胡翠萍拉盈盈唱歌,盈盈推说不太舒服,说你们唱吧,就来到玻璃屏风后的窗户跟前,望着城市的夜景。
夕阳留下的霞光已经全部褪去,只在天边镶嵌着一线血红,在黑沉沉的天幕里格外显眼。城市的辉煌灯火让天光暗淡,使人们更容易关注眼前。盈盈的思绪现在却不在眼前的阑珊里。她打开关着的窗户,一股微风扑面而来,吹起了她的头发,有一丝的潮气。盈盈想,该下雨了吧。“自在飞花轻似梦,无边丝雨细如愁。”也许在人们熟睡的时候,春雨会无声润物。她最喜欢路边一种不知名的桃花,暗红色的枝干,很不起眼,可一旦开起花来就满满的枝桠,令人们惊叹。不过,青岛的春天风大,有时会有不知哪里来的尘土,盈盈记忆深刻的是满大街被吹落的花瓣,随风堆积在角落,令她伤感。相比而言,这里好像春天刚到,就进入了炎炎夏日,她喜欢秋天和冬天,清爽宜人。
武斌回来了,带着一脸春光和轻松的气息。估计事情得到圆满解决,盈盈的心情也随之安定许多。不过,武斌没有多说,只说饿了吧,大伙儿一块儿去吃饭。随后,今天到场的几乎所有人,都驱车去了一个大酒店。
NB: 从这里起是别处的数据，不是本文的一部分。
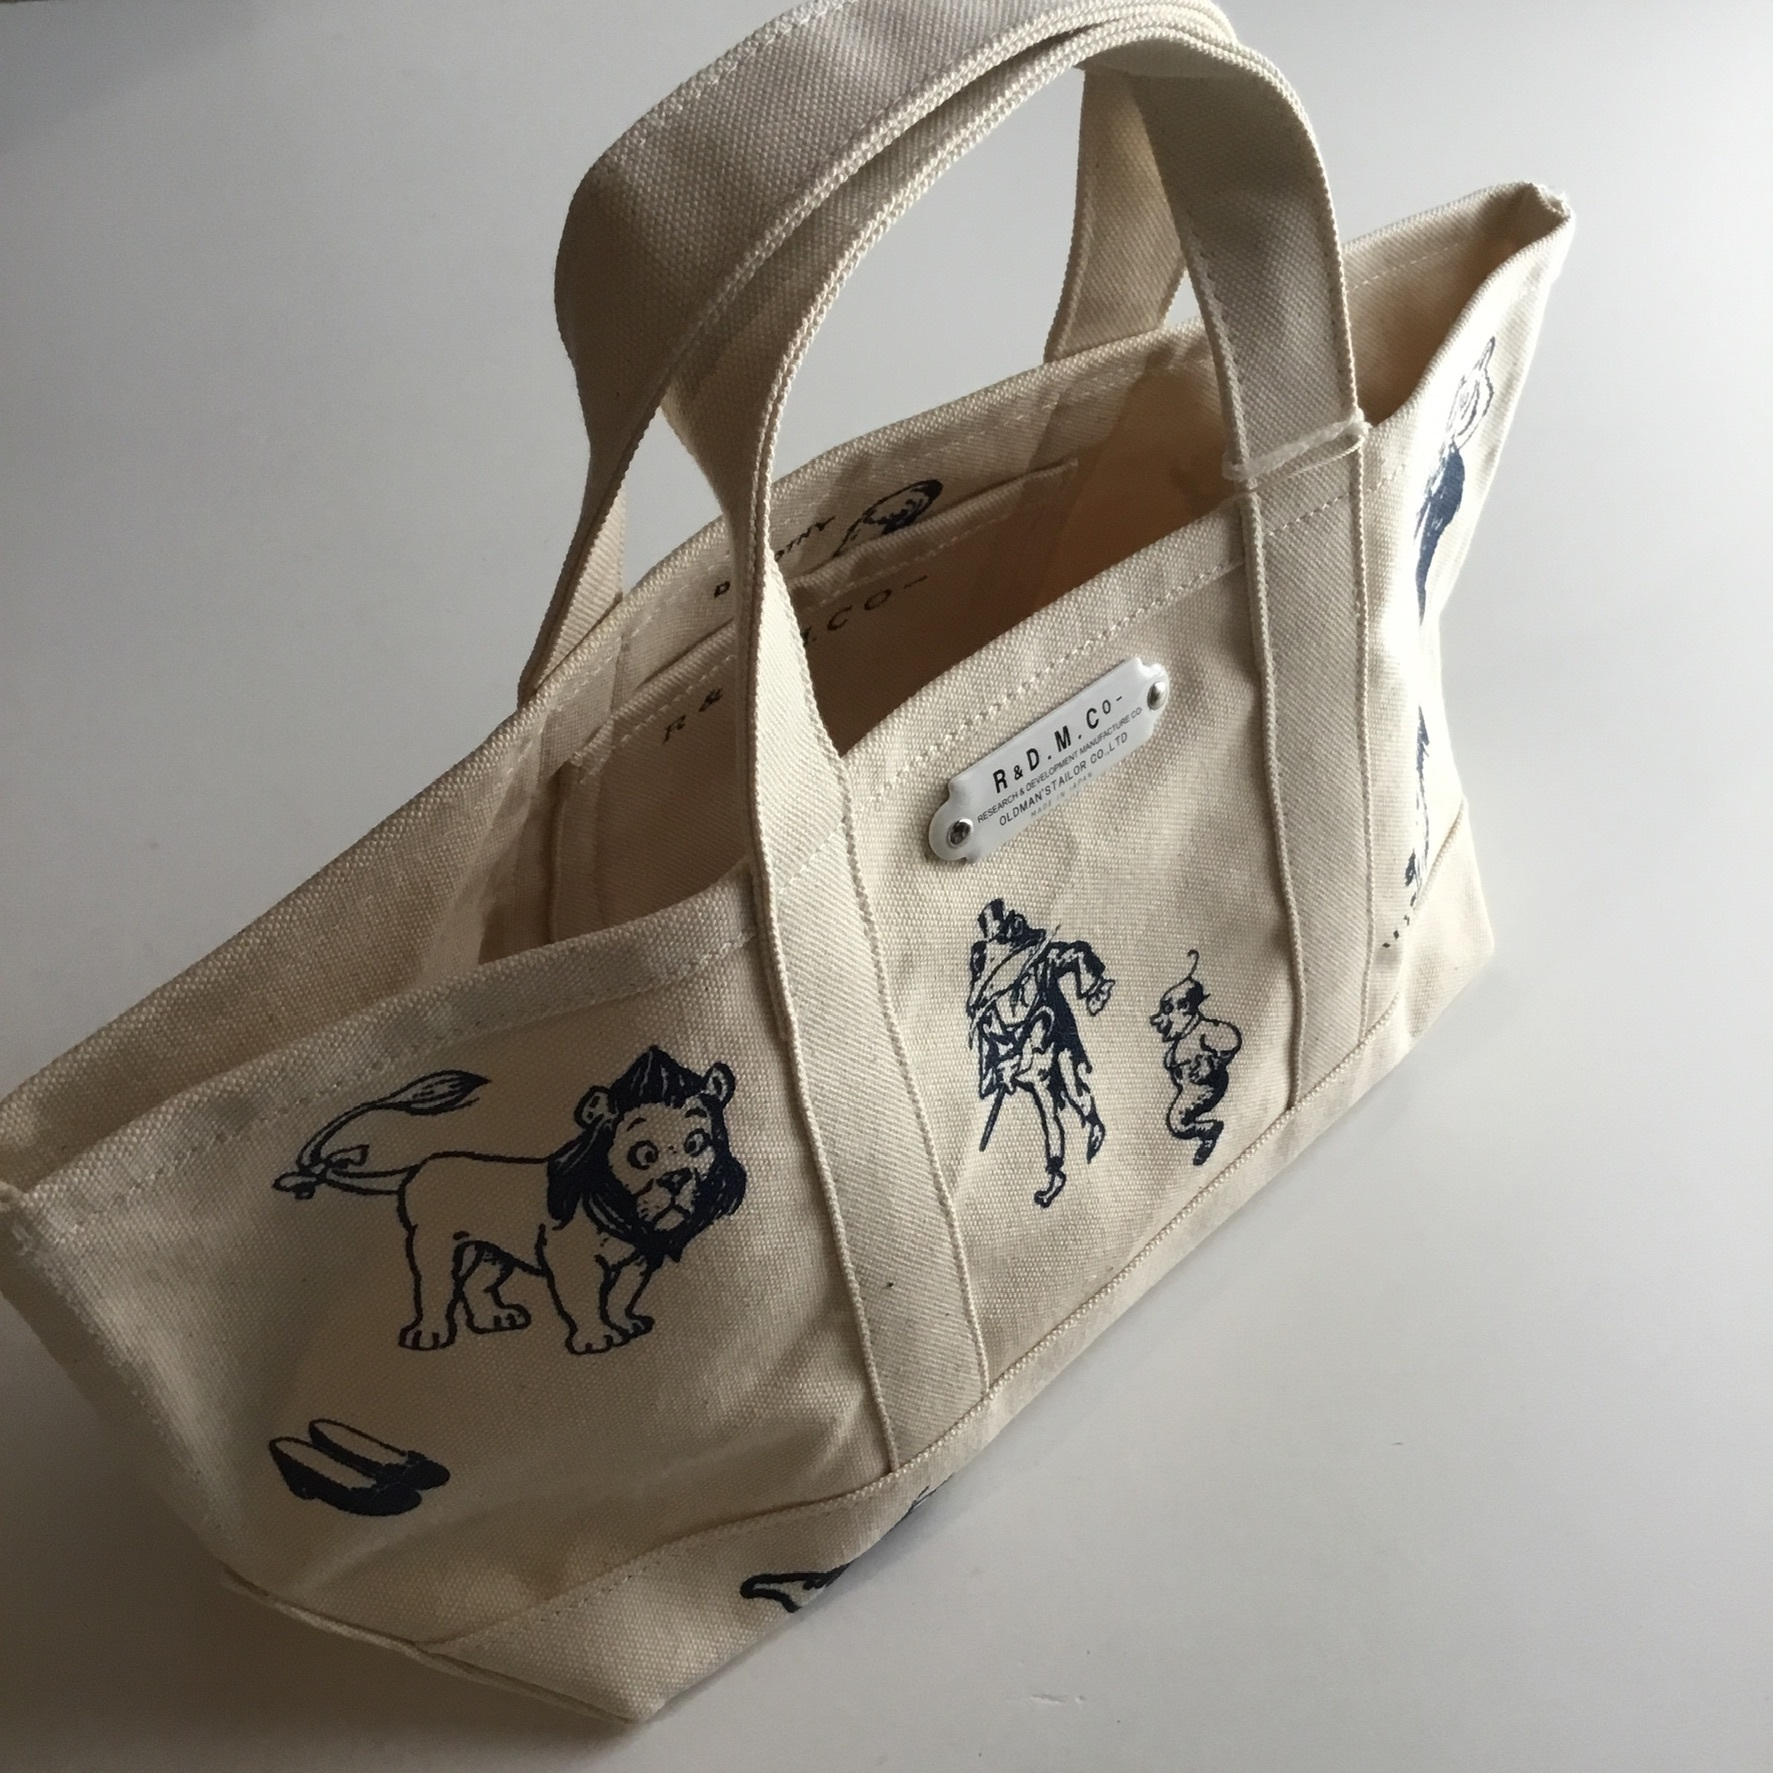 R&D.M.Co-/OLDMAN'S TAILOR OZ suprise tote bag size S natural

饭局很排场,气氛也是浓烈而嘈杂,人们喝着烈酒,完全是一种庆祝。看得出来,白弘江也很高兴。在这些人里,他和武斌要比赵仕魁游刃有余,毕竟人们的交往也要看在社会上的名声,仗义豪侠永远被这些“英雄”所推崇。他告诉盈盈,这顿饭是赵仕魁做东,开支不小。盈盈感叹,这件事赵仕魁可是赔了夫人又折兵啊。
饭毕,人们涌出酒店奔了一家夜总会,武斌把盈盈送回家,嘱咐她好好歇着,他还得回去,不能陪她。盈盈身体有些累,明天还要上班,她真想好好歇歇了。
盈盈舒舒服服地洗了个热水澡,换上柔软的睡衣。对着镜子,又看了看肩膀上的疤痕,和周围皮肤的颜色已经很接近了,看来不用去修复,是谁说的?过了夏,皮肤疤痕才会消失,看来不错。
躺在床上,挑出一本三毛的《撒哈拉的故事》,进入三毛浪迹天涯的洒脱生活。不敢说惊世骇俗,三毛的作品有其独特的魅力吸引着人们读下去。或许琐碎,或许就是旅行日记,但那种漂泊、不羁的生活经历,令人向往,仿佛独特的景观画在向人们徐徐展开。也许女人更懂女人,萧红、张爱玲、三毛,这些不同时代、不同经历的女人,把自己的世界向世人娓娓道来,令人倾心、感叹。
晚上武斌回来,蹑手蹑脚地没打扰盈盈就睡下了,他太累了,这一夜睡得好香。早上盈盈醒来,武斌全然不知。望着武斌酣睡的样子,盈盈定定地看了一会儿,真想拥抱一下,可她不能,她怕打扰了他。她关好卧室的门,悄悄洗漱完毕,出了门。路上,买了点早餐准备到自己淘宝店去吃。刚坐在座位上,武斌就打来了电话:“都怪我睡得太死了,你到店里了吧。招呼我一声啊,我好送你去。”“你这几天累坏了,赶紧再多睡会儿吧,我自己行的。”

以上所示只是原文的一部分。